Tuk-tuk transportation has become the norm in San Pedro.
Tuk-tuk transportation has become the norm in San Pedro. Lauren Salisbury/The Tico Times

Along the streets of San Pedro an essential stop is Café Las Cristalinas, a family-owned shop where the coffee is processed in-house using local beans. The volcanic soil surrounding San Pedro is ideal for growing coffee, and many of the locals in this town support themselves through this industry.

Another dominant feature of San Pedro is the modern building of an Evangelical church. Today, 45 percent of Guatemalans are Evangelical. Catholic worshipers in the community say the Evangelical Church has lured worshipers by offering impoverished citizens incentives ranging from medical care to free T-shirts.

Santiago: Catholic history and a local market

Santiago, a town of 45,000 that is steeped in history, is just a short ride away from San Pedro on a “chicken boat.” The boats locals use to travel between towns are called chicken boats because chickens en route to market are often some of the most vocal passengers.

In Guatemala, Mayan women still wear traditional dresses. Each village has its own unique colors and patterns for these dresses. The clothing in Santiago is some of the country’s most vibrant, featuring purple colors and embroidered birds. One of Santiago’s most famous residents is a woman named Magdalena. The clothing she wears is featured on one of Guatemala’s coins, as it is considered the most beautiful of traditional Mayan clothing.

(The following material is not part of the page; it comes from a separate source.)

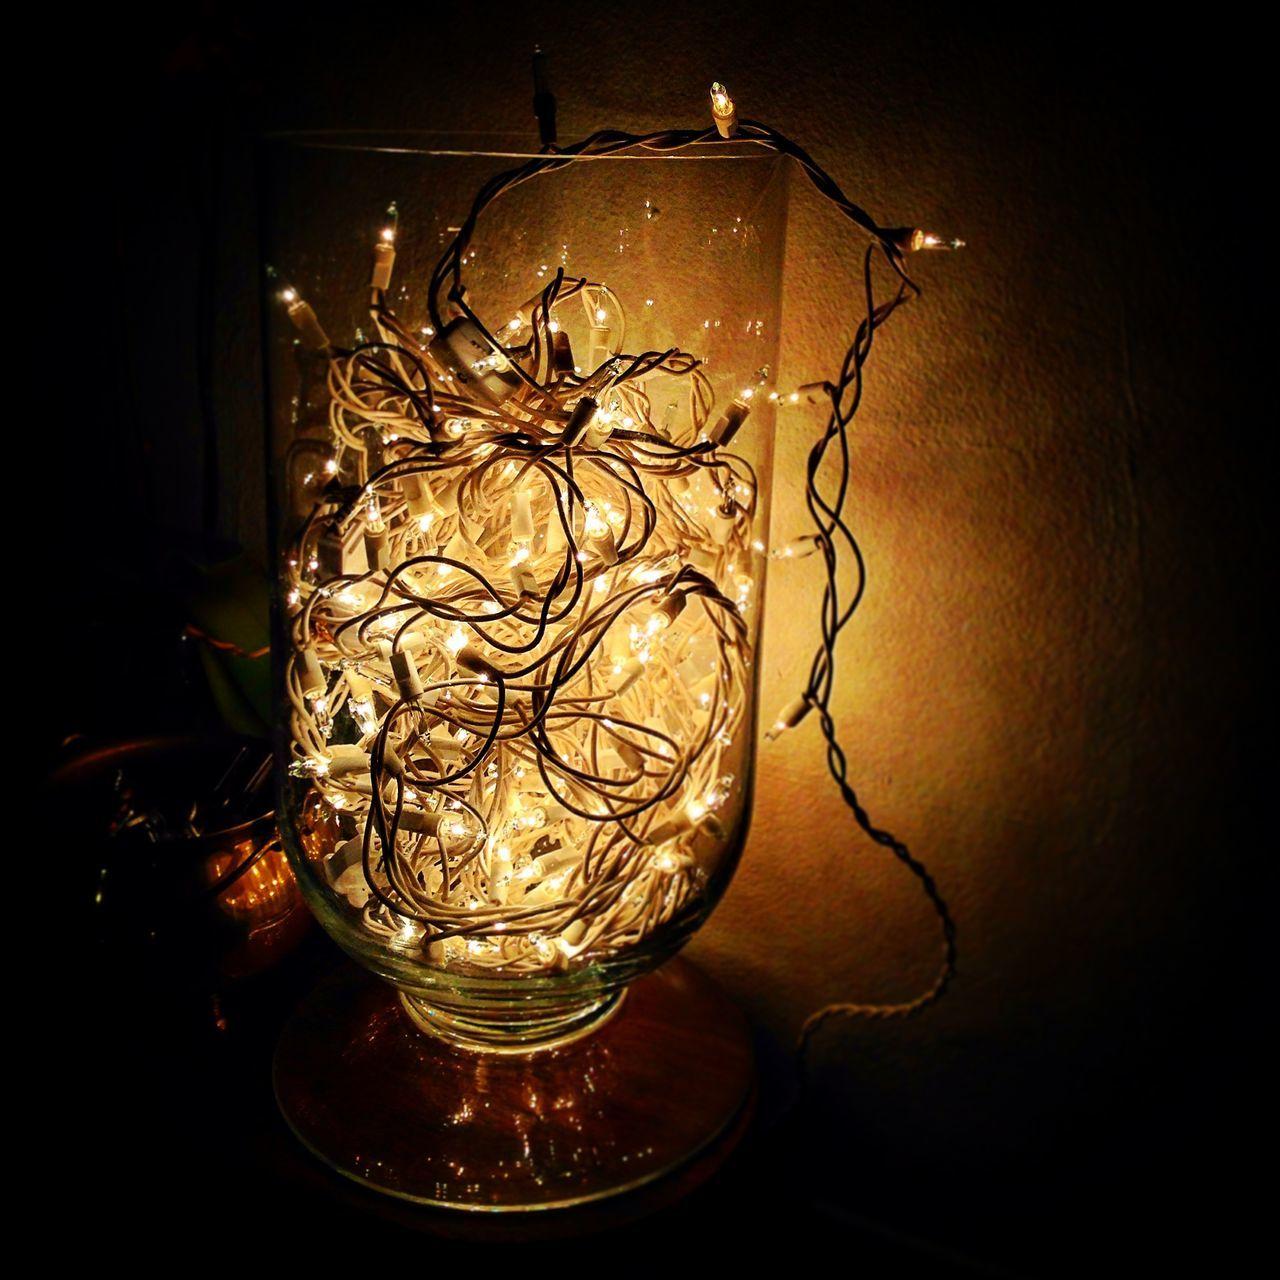 illuminated, decoration, lighting equipment, christmas, indoors, christmas decoration, close-up, no people, celebration, table, electricity, christmas ornament, night, hanging

The purple cloth worn by the women in Santiago is representative of their struggles.
The purple cloth worn by the women in Santiago is representative of their struggles. Lauren Salisbury/The Tico Times

Santiago has a large market that is usually free of tourists. Here local women sell fresh vegetables, fruit and fish that men in the community have caught this morning. The market is also full of candles that are used in Mayan religious ceremonies.

Santiago’s Catholic Church is the main sight to see here. When the Spanish first settled these lands, the Mayans were prohibited from practicing their religious beliefs. Now, as the rise of the Evangelical church has led to a decline in Catholicism, the Catholic Church and Mayans have become allies. Mayan traditions have been blended into Catholic services.

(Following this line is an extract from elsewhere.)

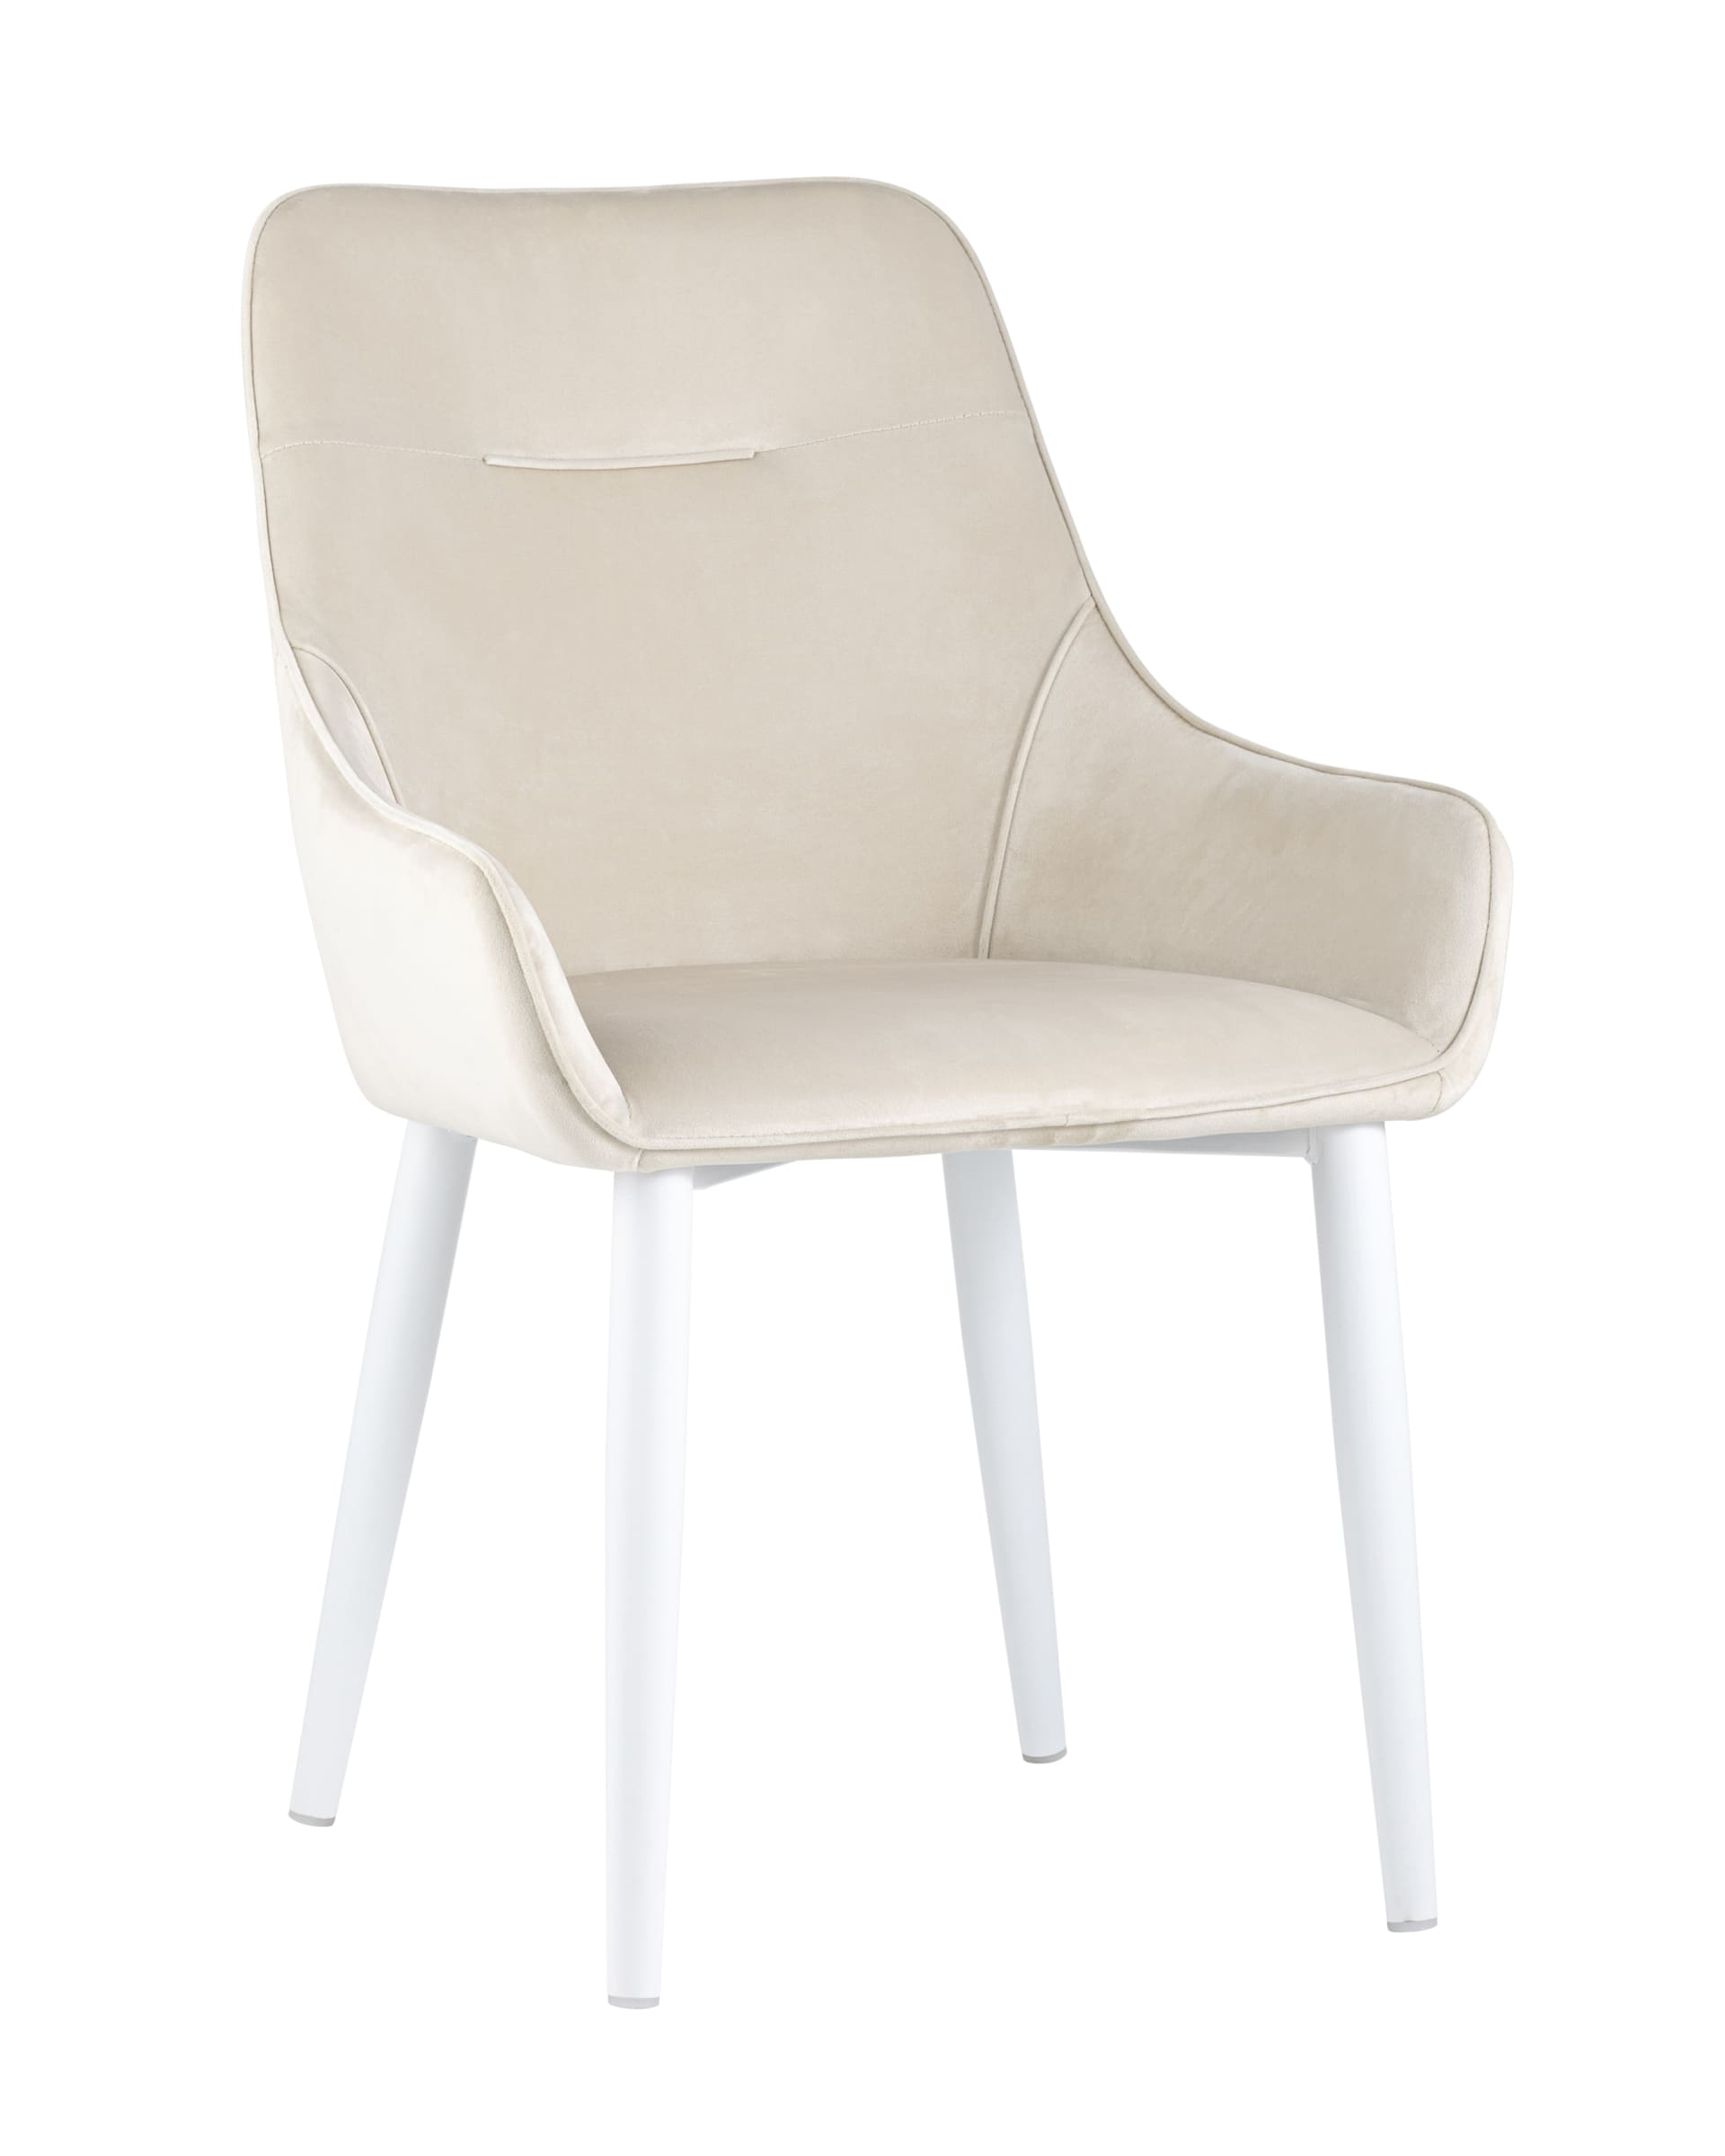 Стул диана (stool group) белый 56x87x45 см.

This church is one of the finest visual examples of this blending. A sacred table in the church depicts both scenes from the Bible and Popol Vuh, the Mayan religious text.

This church in Santiago blends Catholic and Mayan traditions.
This church in Santiago blends Catholic and Mayan traditions. Lauren Salisbury/The Tico Times

This church also contains a memorial plaque dedicated to Father Stanley Rother, an American Priest who lost his life during Guatemala’s brutal civil war. Father Rother worked to incorporate Mayan traditions into the Catholic church and translate services into the local language. He was murdered on July 28, 1981, by a death squad when he refused to follow orders to leave Guatemala, saying, “A shepherd cannot leave his flock.”

In 1990, Santiago was the site of a brutal massacre by the Guatemalan army. Fourteen Mayans were killed. After great protests, the military was forced out of town. Today, the military is still forbidden here, although there is a small local police force.

Unfortunately, the end of Guatemala’s civil war in 1996 did not mark the end of the struggles for Lake Atitlán. In 2005, the region was struck by Hurricane Stan, killing an estimated 1,000 people. In 2009, the lake was plagued by bacteria, and in 2010 Tropical Storm Agatha resulted in more deaths and damage.

The women of Santiago wear cloths of purple hues. Alejandro explains that for them this color is representative of the hard situations they face, and serves as a reminder that they are capable of overcoming tough times.

“This lake is really special,” says Alejandro. “I have been to other lakes, but there is nowhere like this one. To understand the volcanic origin of this lake and see how spectacular it is, is really special for me.”